EXERCISE PROMPT
Find the line below with "Monroe Street at" and the line with "Fruit and vegetables". Output exactly those lines and everything between them, leaving out the pictures.

DATA SUPPLIED
- Opening Delimiter -
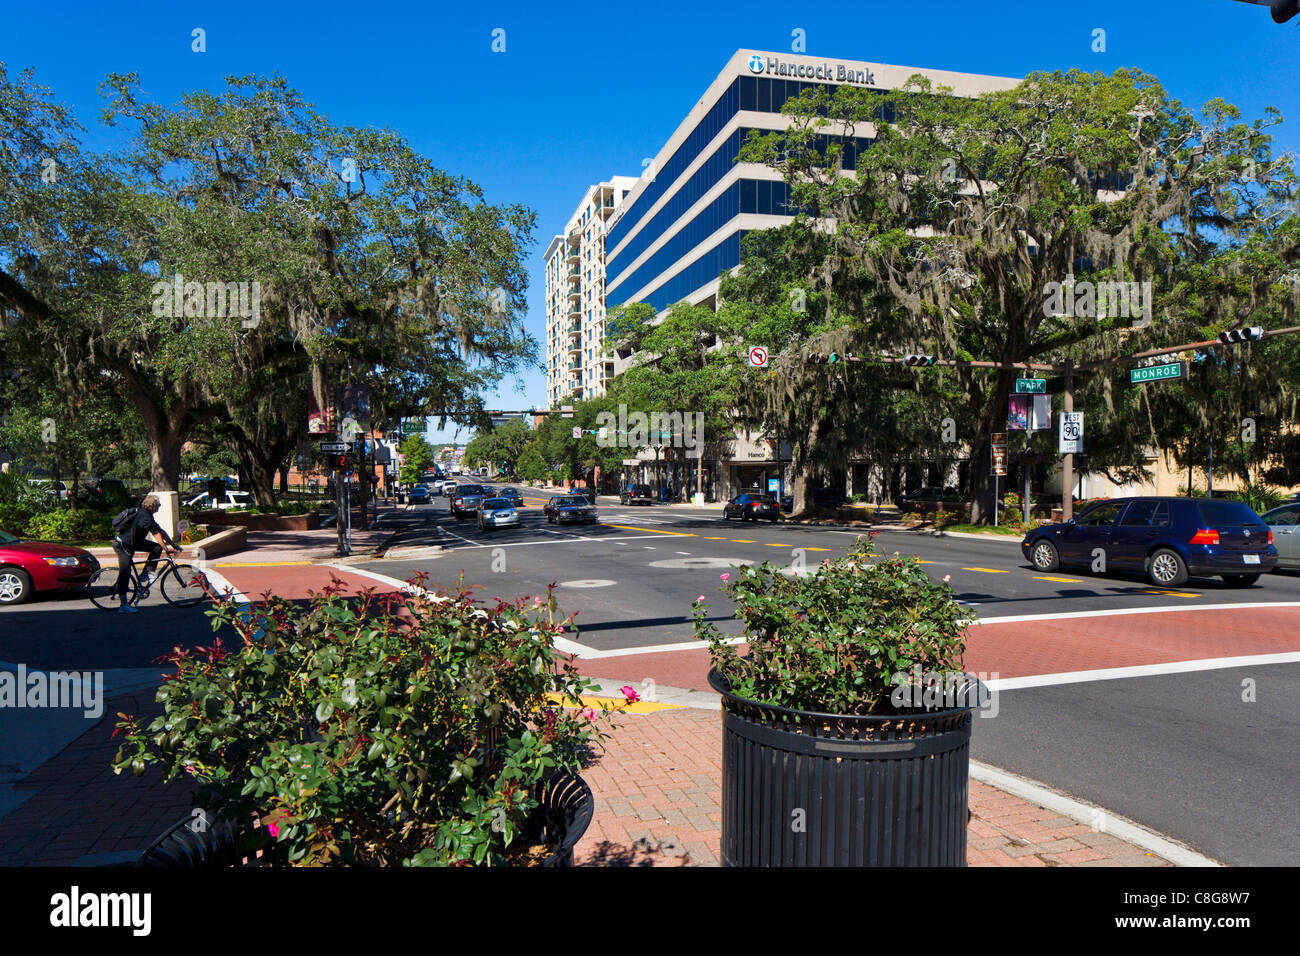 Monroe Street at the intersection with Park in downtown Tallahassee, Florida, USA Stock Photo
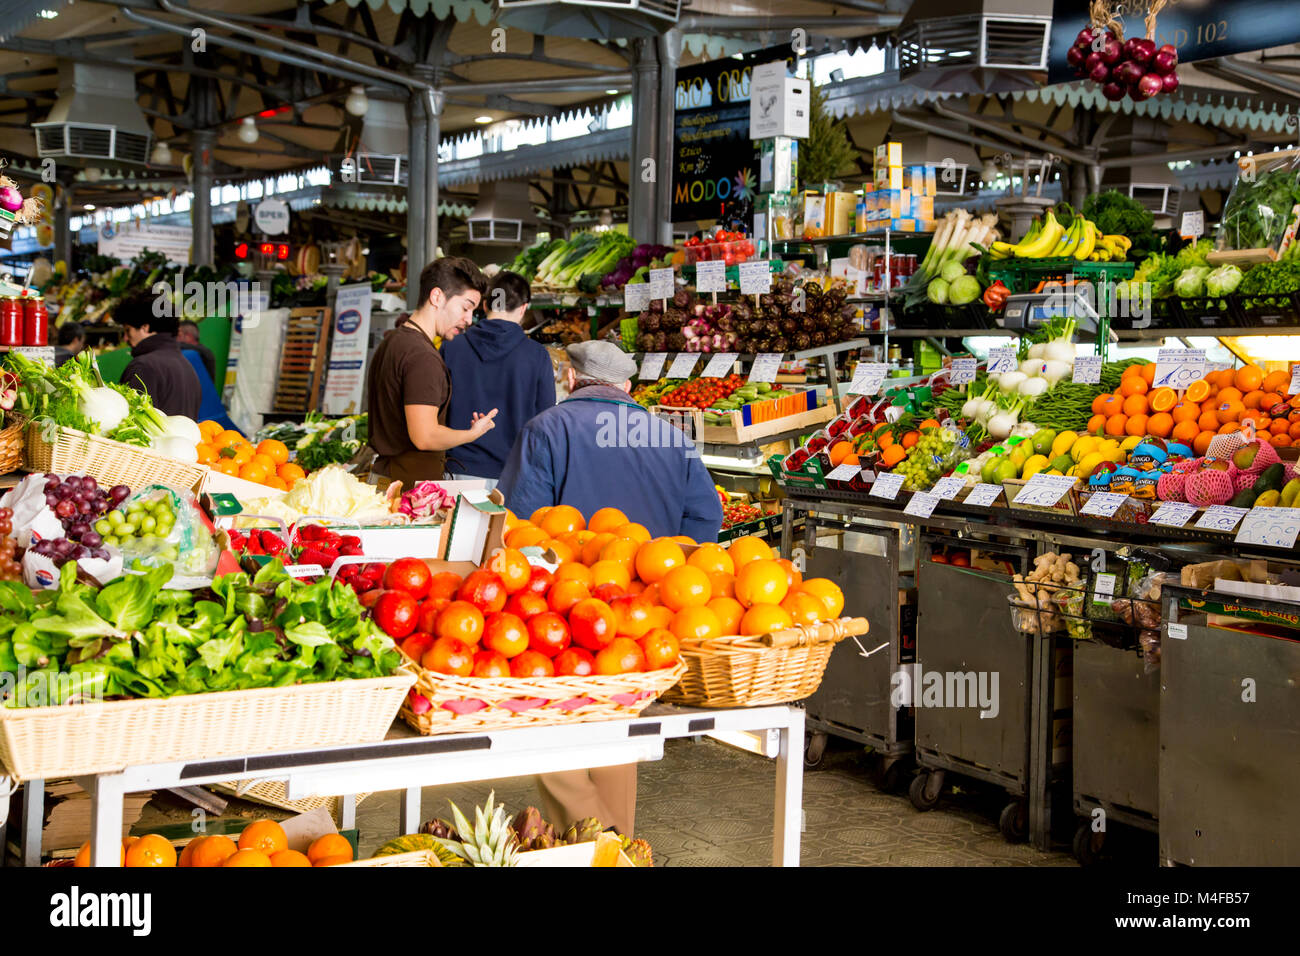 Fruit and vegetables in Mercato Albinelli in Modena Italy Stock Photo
- Closing Delimiter -
- Opening Delimiter -
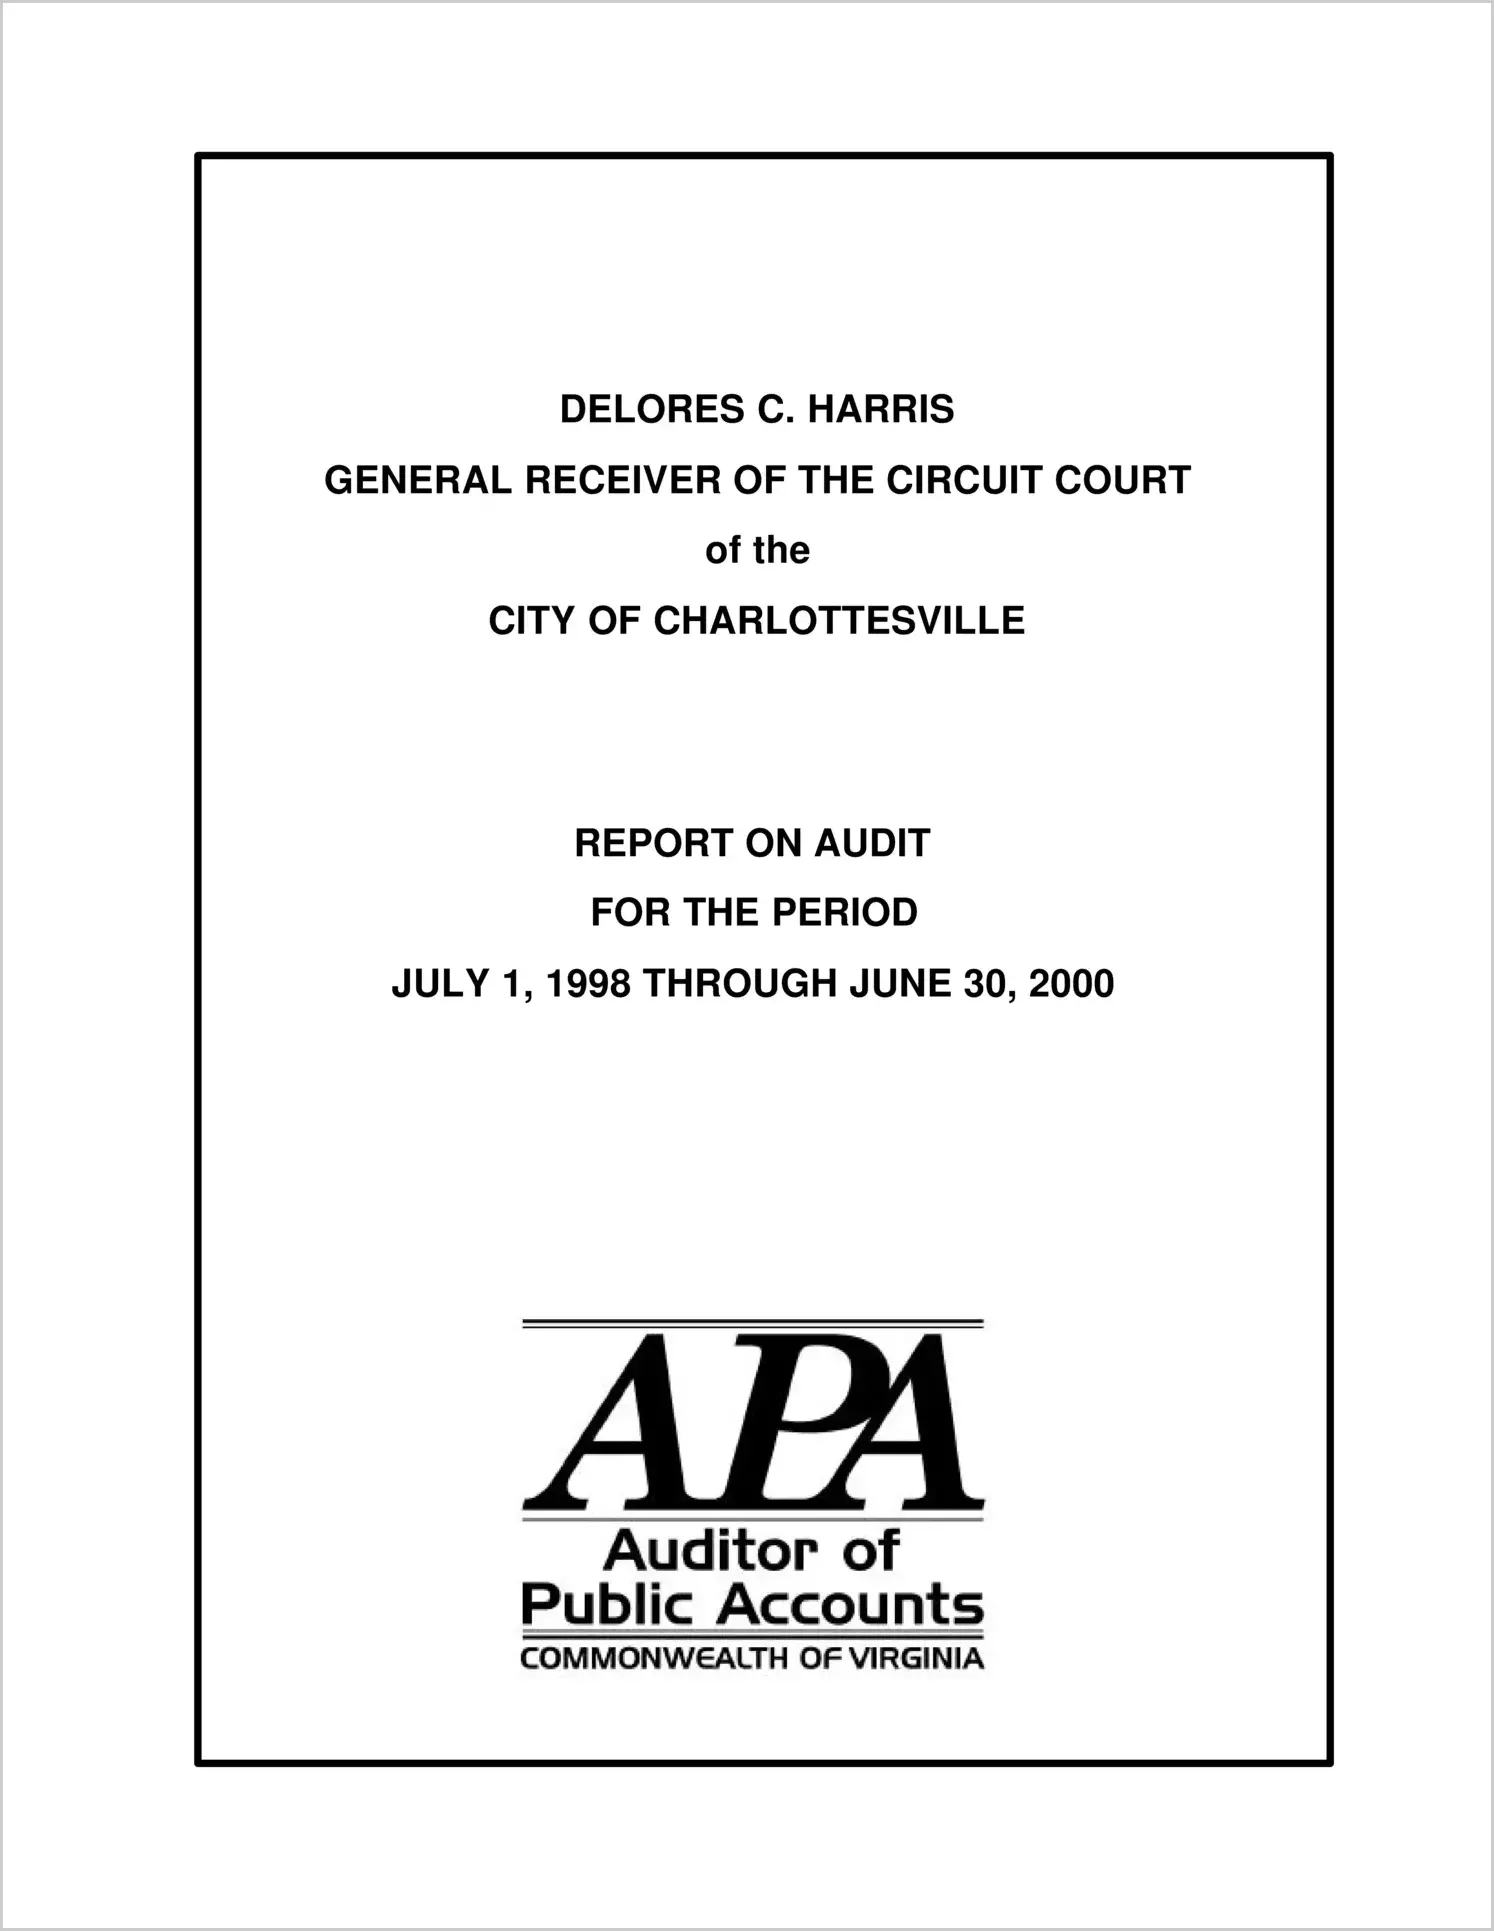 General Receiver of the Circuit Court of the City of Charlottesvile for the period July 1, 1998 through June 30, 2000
- Closing Delimiter -
ANSWER BOX
 Monroe Street at the intersection with Park in downtown Tallahassee, Florida, USA Stock Photo
 Fruit and vegetables in Mercato Albinelli in Modena Italy Stock Photo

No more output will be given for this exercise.